The webinar shares an empowering message: non-developers can build useful tools, AI can teach you, and the learning curve doesn’t have to be steep.

Suggested strengthening of nuance:

This works best when:

  • scope is tight
  • data is clean and accessible
  • guardrails are defined
  • someone experienced is supervising

Without these conditions, organisations can still create fragile, insecure, or hard-to-maintain systems—just faster than before.

8) The model landscape is accurate—but practical differences could be highlighted

The webinar correctly notes that many AI products sit on a small number of foundation models (OpenAI, Anthropic, Google, and others).

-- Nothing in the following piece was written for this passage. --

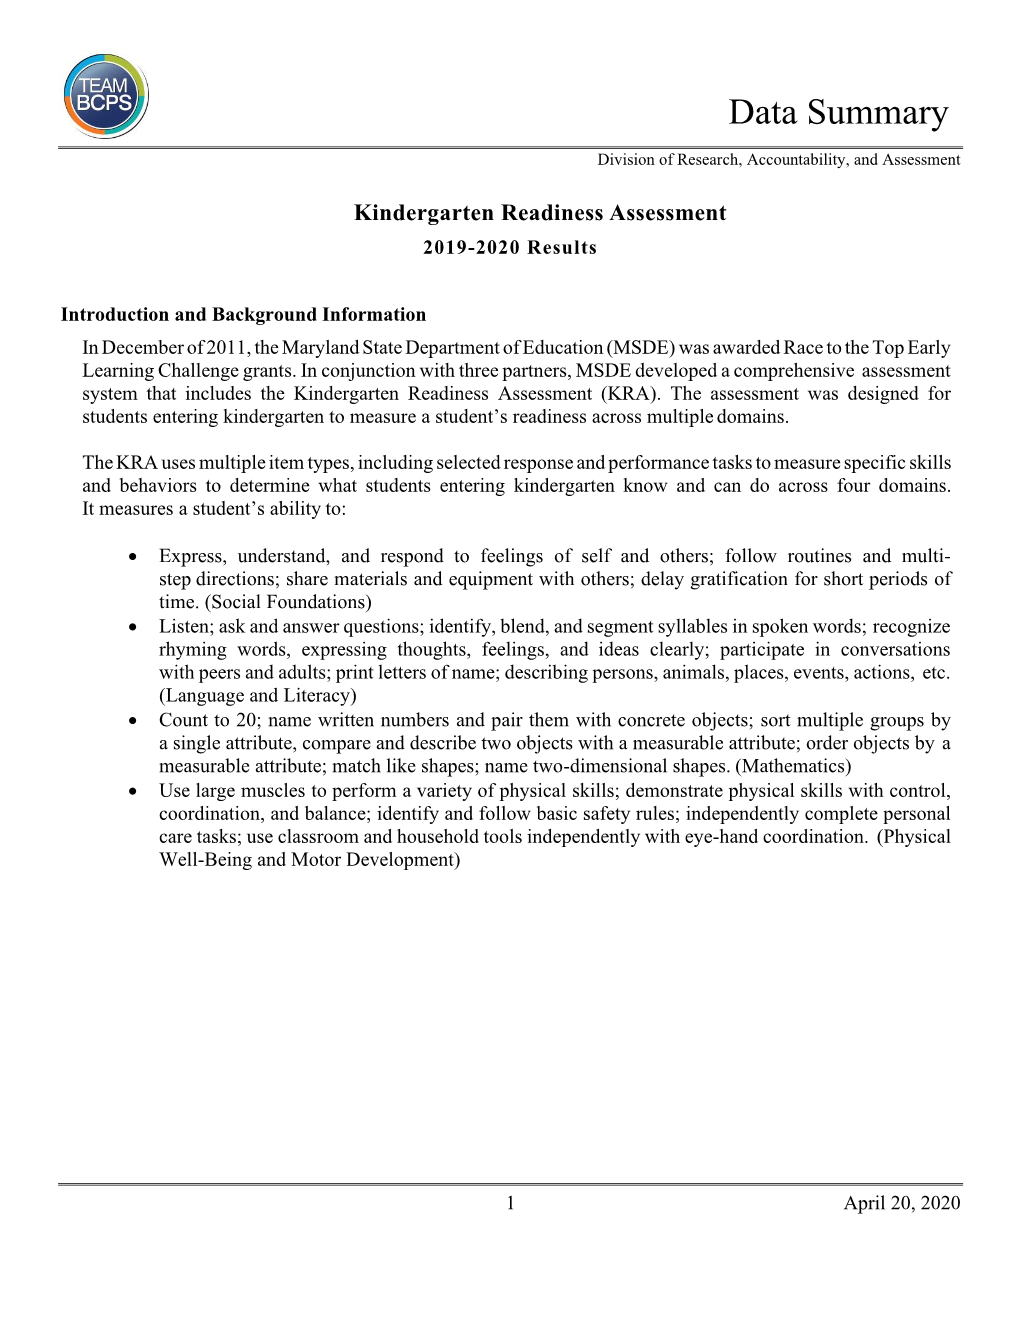 Kindergarten Readiness Assessment 2019 -2020 Results

That simplification is helpful at an executive level.

Suggestion of adding a “leader’s lens”:

A quick layer on what materially changes between model choices could add value, including:

  • latency and cost differences
  • quality evaluation and benchmarking
  • governance tooling maturity
  • sovereignty considerations beyond “US vs AU hosting”
  • open-weight vs closed-weight trade-offs

Even a high-level overview can help decision-makers ask smarter questions.

Two topics that deserve more airtime in most AI conversations

9) Organisational change is often harder than the technology

Training and internal champions are mentioned, but the AI suggests this could be explored further—because it’s frequently where AI programs stall.

Areas worth spotlighting:

  • adoption anxiety and fear of “replacement”
  • concerns about deskilling
  • role redefinition and workflow redesign
  • building confidence through enablement, not pressure

10) Measurement after deployment (not just upfront ROI)

The webinar reinforces the importance of defining ROI early—which is excellent. However, I suggest building on that by discussing what comes next, such as:

  • ongoing measurement and feedback loops
  • drift detection
  • silent failure modes (where AI is “working” but producing poorer outcomes)
  • knowing when to adjust, pause, or turn AI off

This is quickly becoming a hallmark of mature AI programs.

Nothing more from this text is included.